Intraoperative Fluoroscopy Improves Component Position During Anterior Hip Arthroplasty

Intraoperative Fluoroscopy Improves Component Position During Anterior Hip Arthroplasty

John D Jennings et al. Orthopedics. 2015 Nov.

Abstract

The goal of this retrospective review was to determine whether fluoroscopic guidance improves acetabular cup abduction and anteversion alignment during anterior total hip arthroplasty. The authors retrospectively reviewed 199 patients (fluoroscopy group, 98; nonfluoroscopy group, 101) who underwent anterior total hip arthroplasty at a single center with and without C-arm fluoroscopy guidance. Included in the study were patients of any age who underwent primary anterior approach total hip arthroplasty performed by a single surgeon, with 6-month postoperative anteroposterior pelvis radiographs.
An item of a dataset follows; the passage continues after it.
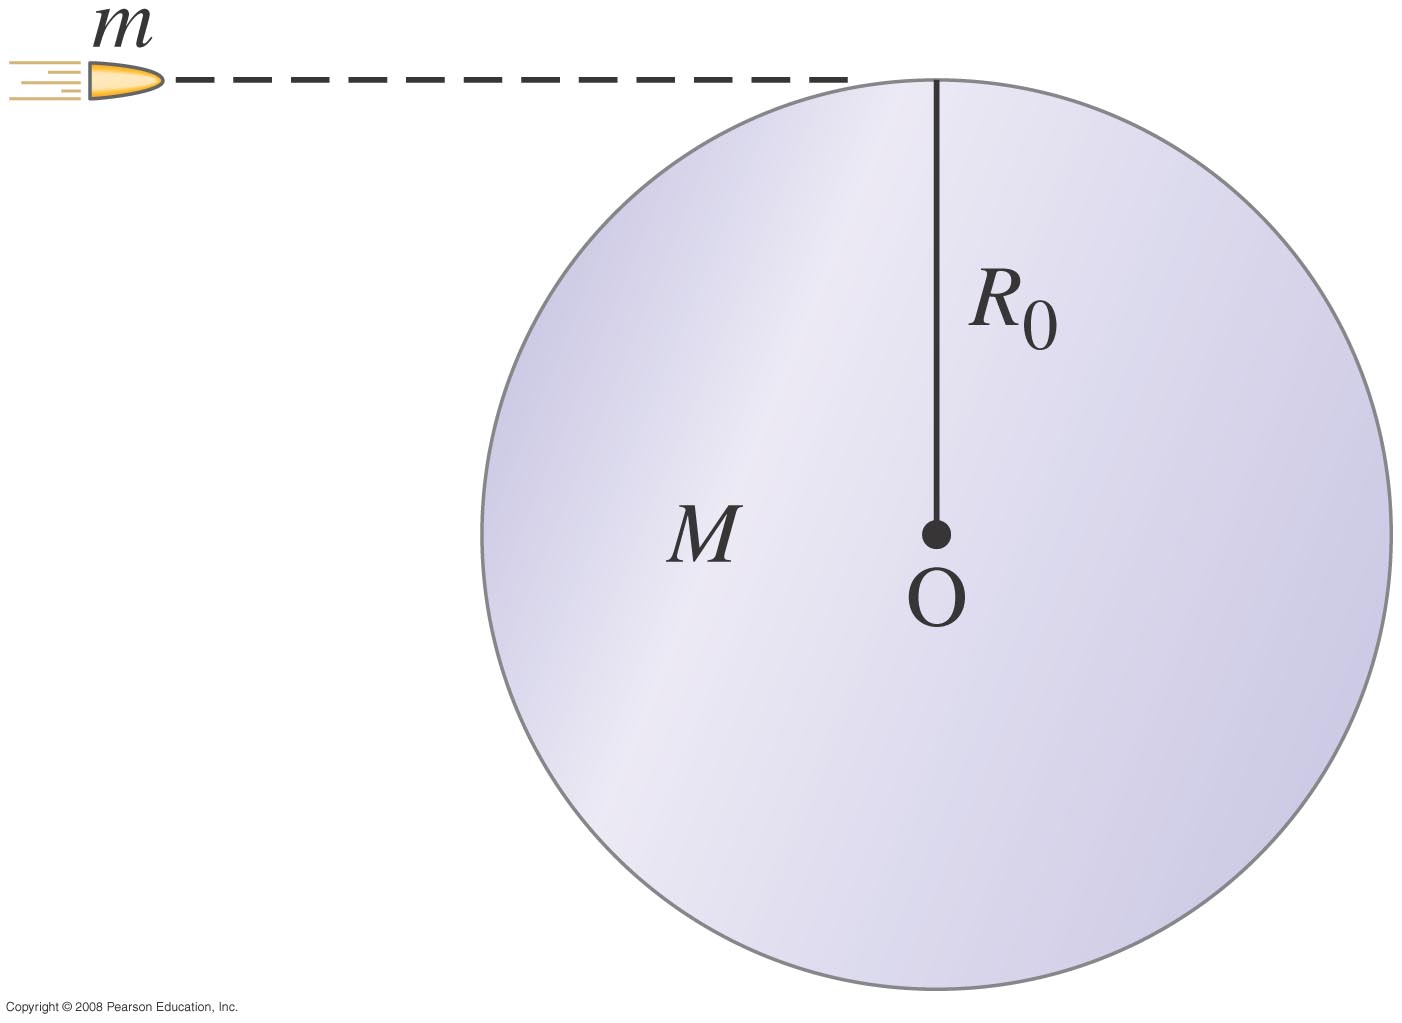 Μια σφαίρα (άτοµο) µάζας m κινείται µε ταχύτητα v και ενσωµατώνεται στην περιφέρεια ενός κυλίνδρου (µορίου) µάζας M και ακτίνας R 0.

Acetabular cup abduction and anteversion angles were measured and compared between groups. Mean acetabular cup abduction and anteversion angles were 43.4° (range, 26.0°-57.4°) and 23.1° (range, 17°-28°), respectively, in the fluoroscopy group. Mean abduction and anteversion angles were 45.9° (range, 29.7°-61.3°) and 23.1° (range, 17°-28°), respectively, after anterior total hip arthroplasty without the use of C-arm guidance (nonfluoroscopy group). The use of fluoroscopy was associated with a statistically significant difference in cup abduction (P=.002) but no statistically significant difference in anteversion angles. In the fluoroscopy group, 80% of implants were within the combined safe zone compared with 63% in the nonfluoroscopy group. A significantly higher percentage of both acetabular cup abduction angles and combined anteversion and abduction angles were in the safe zone in the fluoroscopy group. Fluoroscopy is not required for proper anteversion placement of acetabular components, but it may increase ideal safe zone placement of components.